Pressures are not critical, but typically range between about 5 psig to about 300
psig. Suitably, the gas employed comprises from about 0.5 to about 50 percent hydrogen,
with the balance of the gas being substantially nonreactive or inert. Pure, or essentially
pure, hydrogen is, of course, suitable but is quite expensive and therefore need not
be used. The concentration of the hydrogen in the treating gas and the necessary duration
of such treatment, and temperature of treatment, are interrelated, but generally the
time of treating the catalyst with a gaseous mixture such as described ranges from
about 0.1 hour to about 48 hours, and preferably from about 0.5 hour to about 24 hours,
at the more preferred temperatures.
[0034] The catalyst of a reactor may be presulfided, prior to return of the reactor to service.

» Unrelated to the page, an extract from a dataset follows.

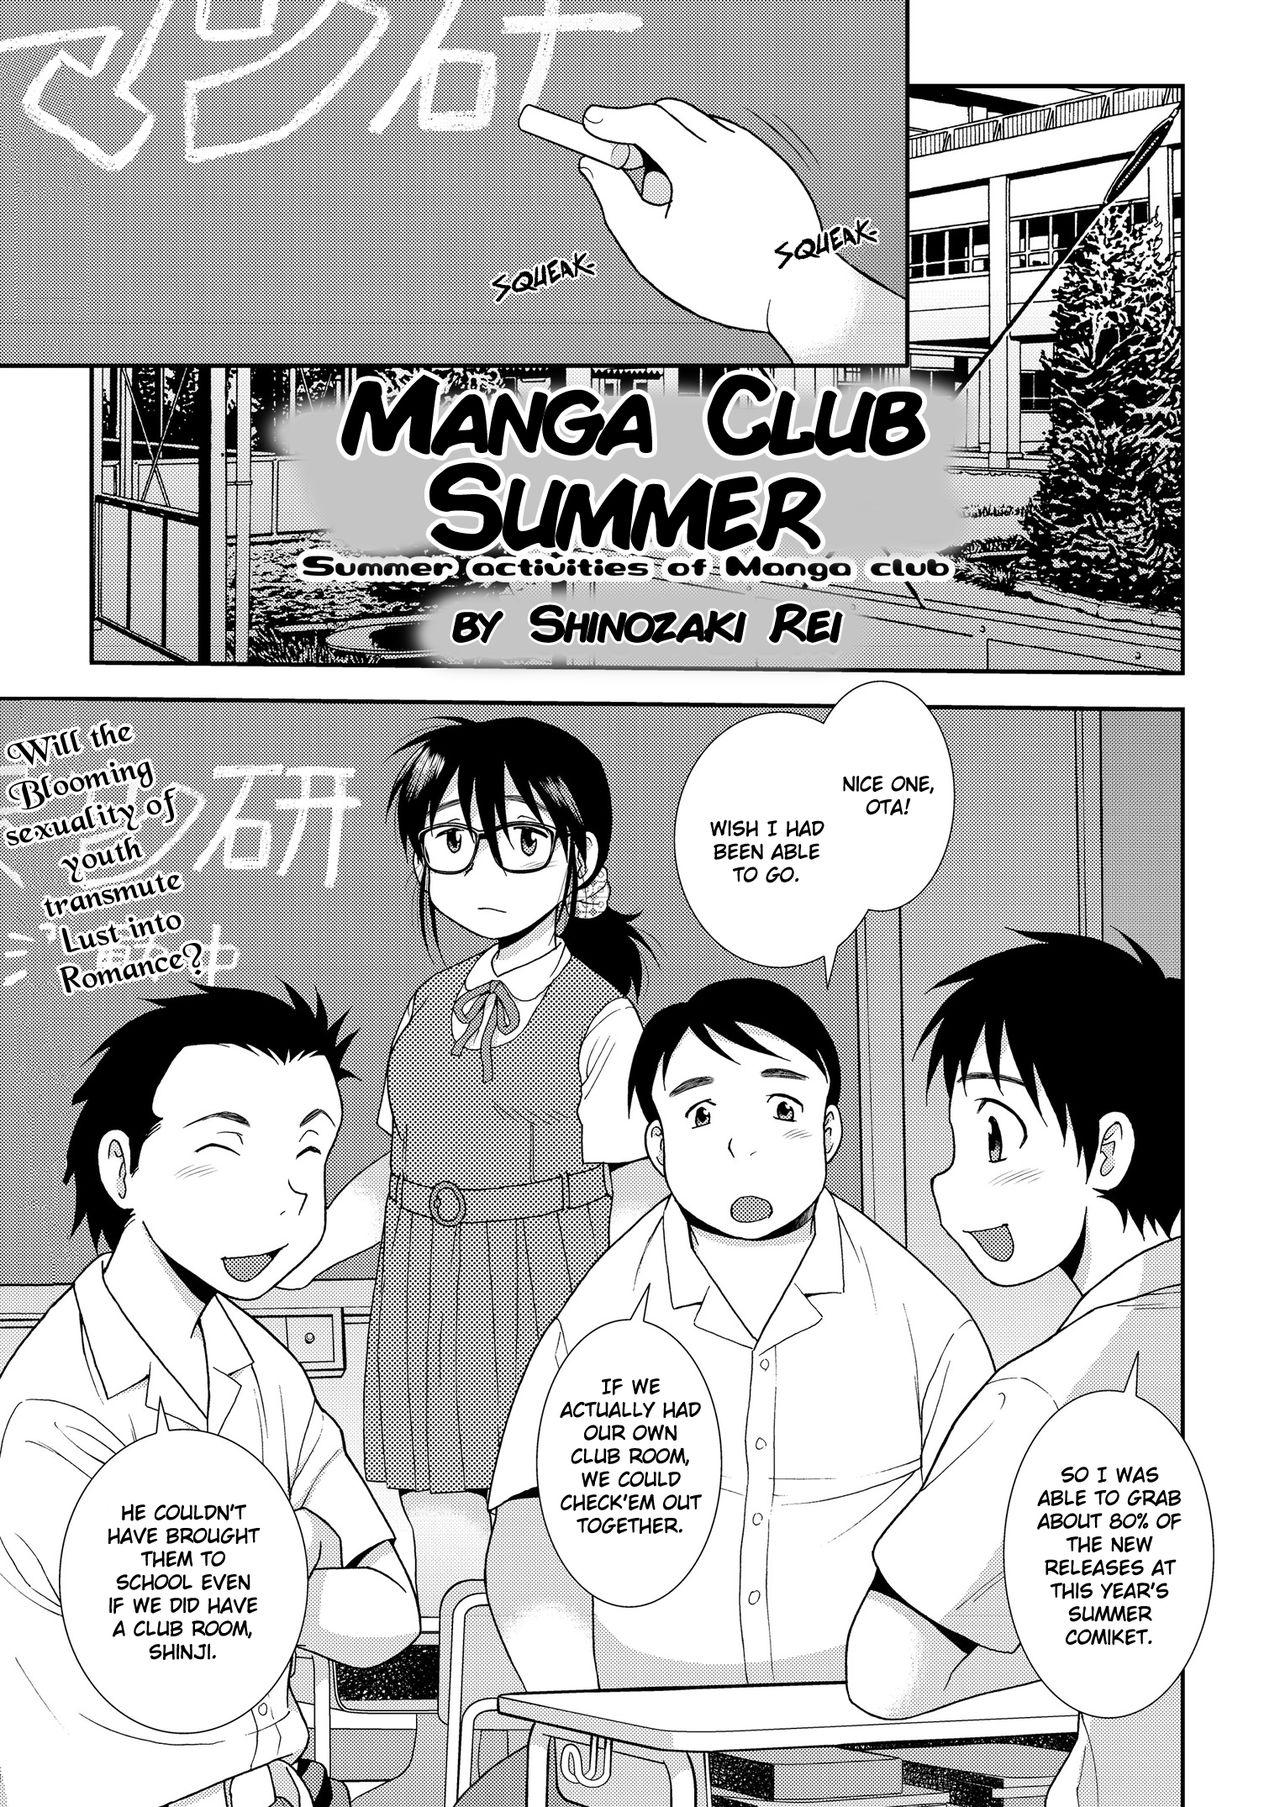 Bathroom Mangaken no Natsu | Manga Club Summer Masturbates - Picture 1

Suitably a carrier gas, e.g., nitrogen, hydrogen, or admixture thereof, containing
from about 500 to about 2000 ppm of hydrogen sulfide, or compound, e.g., a mercaptan,
which will decompose in situ to form hydrogen sulfide, at from about 700°F to about
950°F, is contacted with the catalyst for a time sufficient to incorporate the desired
amount of sulfur upon the catalyst.
[0035] It is apparent that various modifications and changes can be made without departing
from the spirit and scope of the present invention, the outstanding feature of which
is that the octane quality of various hydrocarbon feedstocks, inclusive particularly
of paraffinic feedstocks, can be upgraded and improved.

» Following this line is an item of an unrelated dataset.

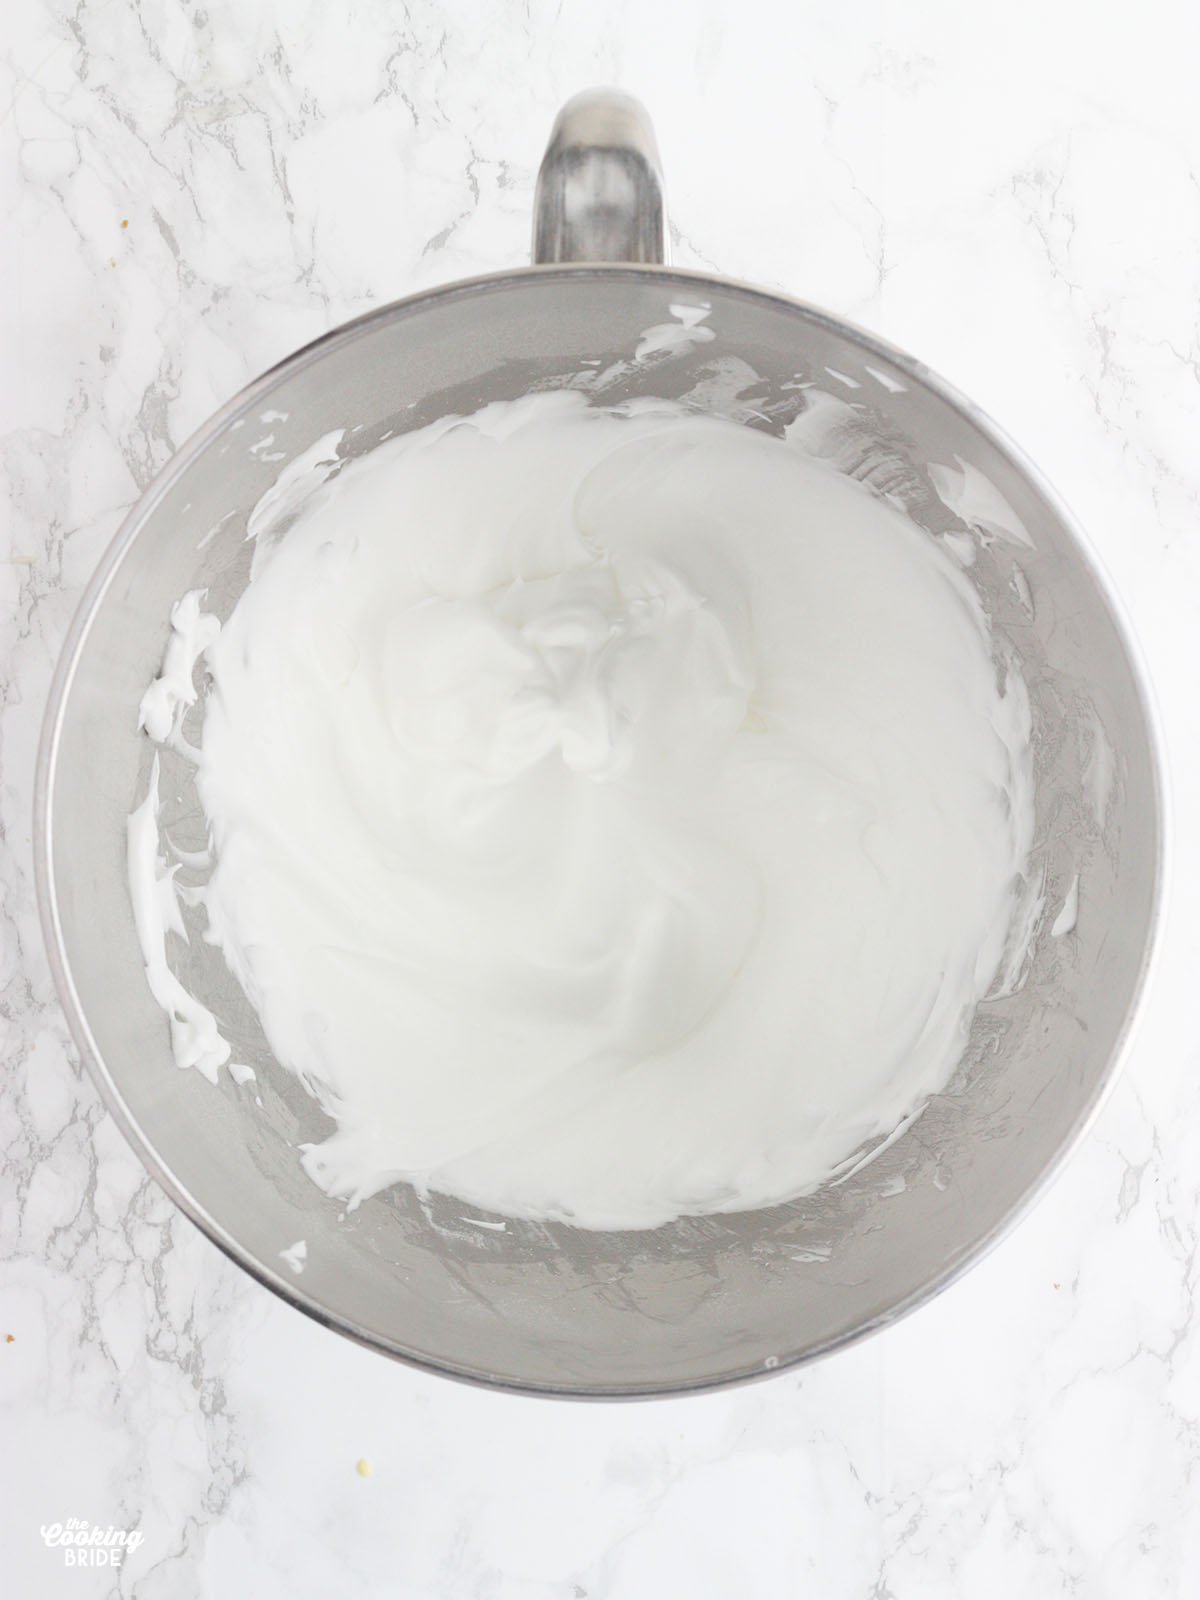 egg whites in a metal mixing bowl beaten until stiff peaks

[0036] In the patent specification, the following conversions apply:
Temperatures in °F are converted to °C by subtracting 32 and then dividing by 1.8.

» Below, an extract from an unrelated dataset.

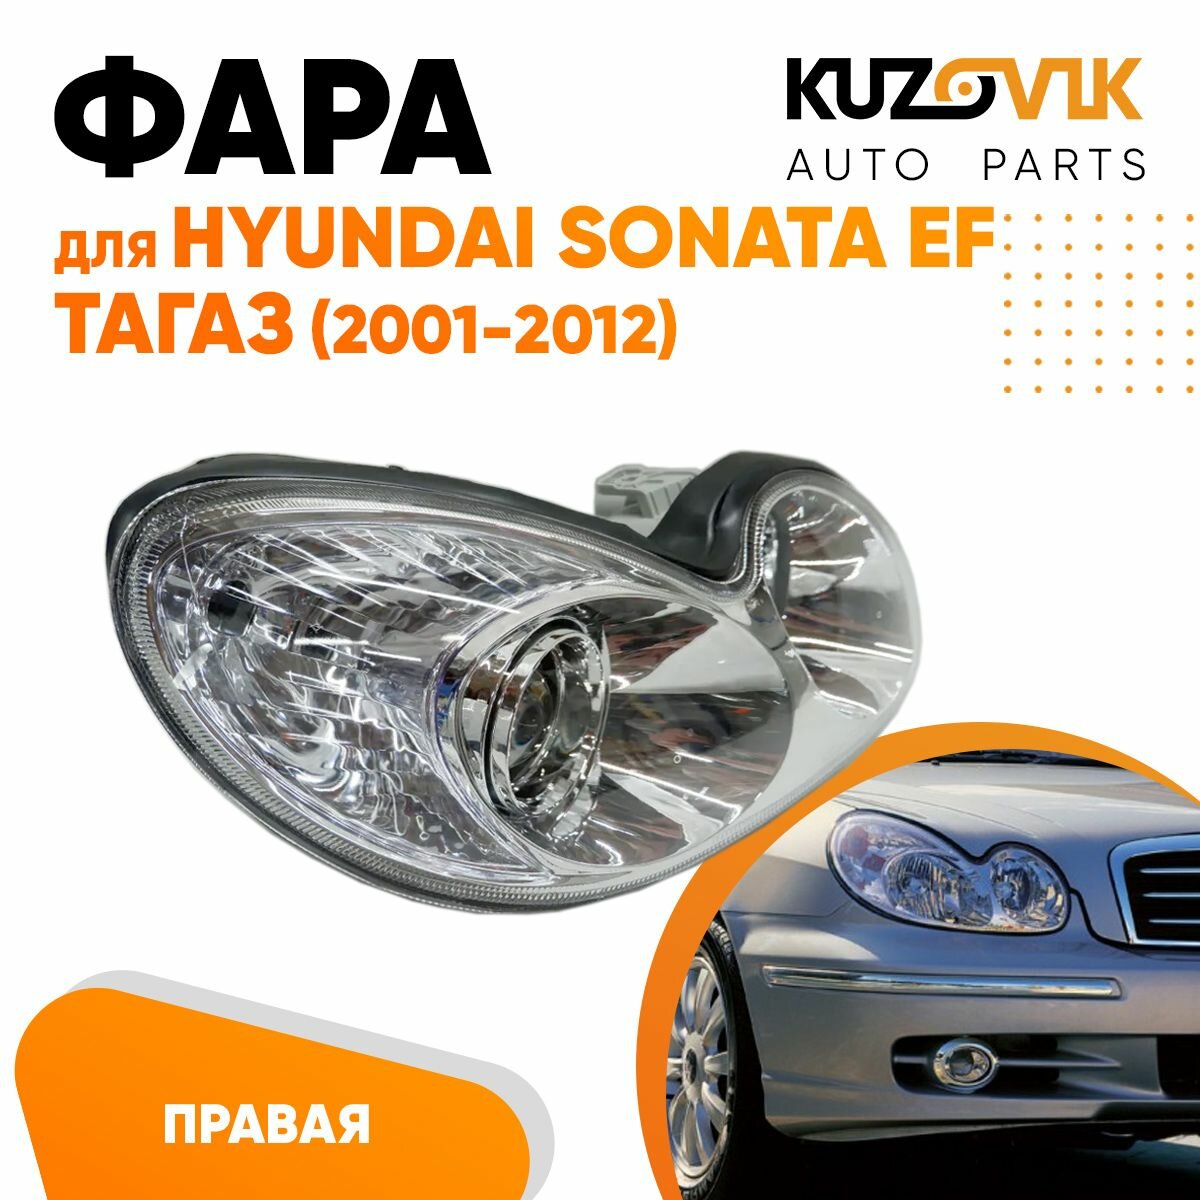 Фара правая Hyundai Sonata EF Хендай Соната ЕФ Тагаз (2001-2012) под электрокорректор

Mass and weight in pounds (lb) is converted to kg by multiplying by 0.45359.
Volumes expressed in standardized cubic feet (scf) are converted to litres by multiplying
by 28.316.
Volumes (of liquid) expressed in barrels (B or Bbl) are converted to m3 by multiplying by 0.159.
Pressures expressed in pounds per square inch (psi) or pounds per square inch gauge
(psig) are converted to kPa by multiplying by 6.895.
Amounts of heat expressed in British Thermal units are converted to kJ by multiplying
by 1.055.
[0037] The abbreviation "¢" stands for U.S. cents, and "atm" stands for "atmosphere".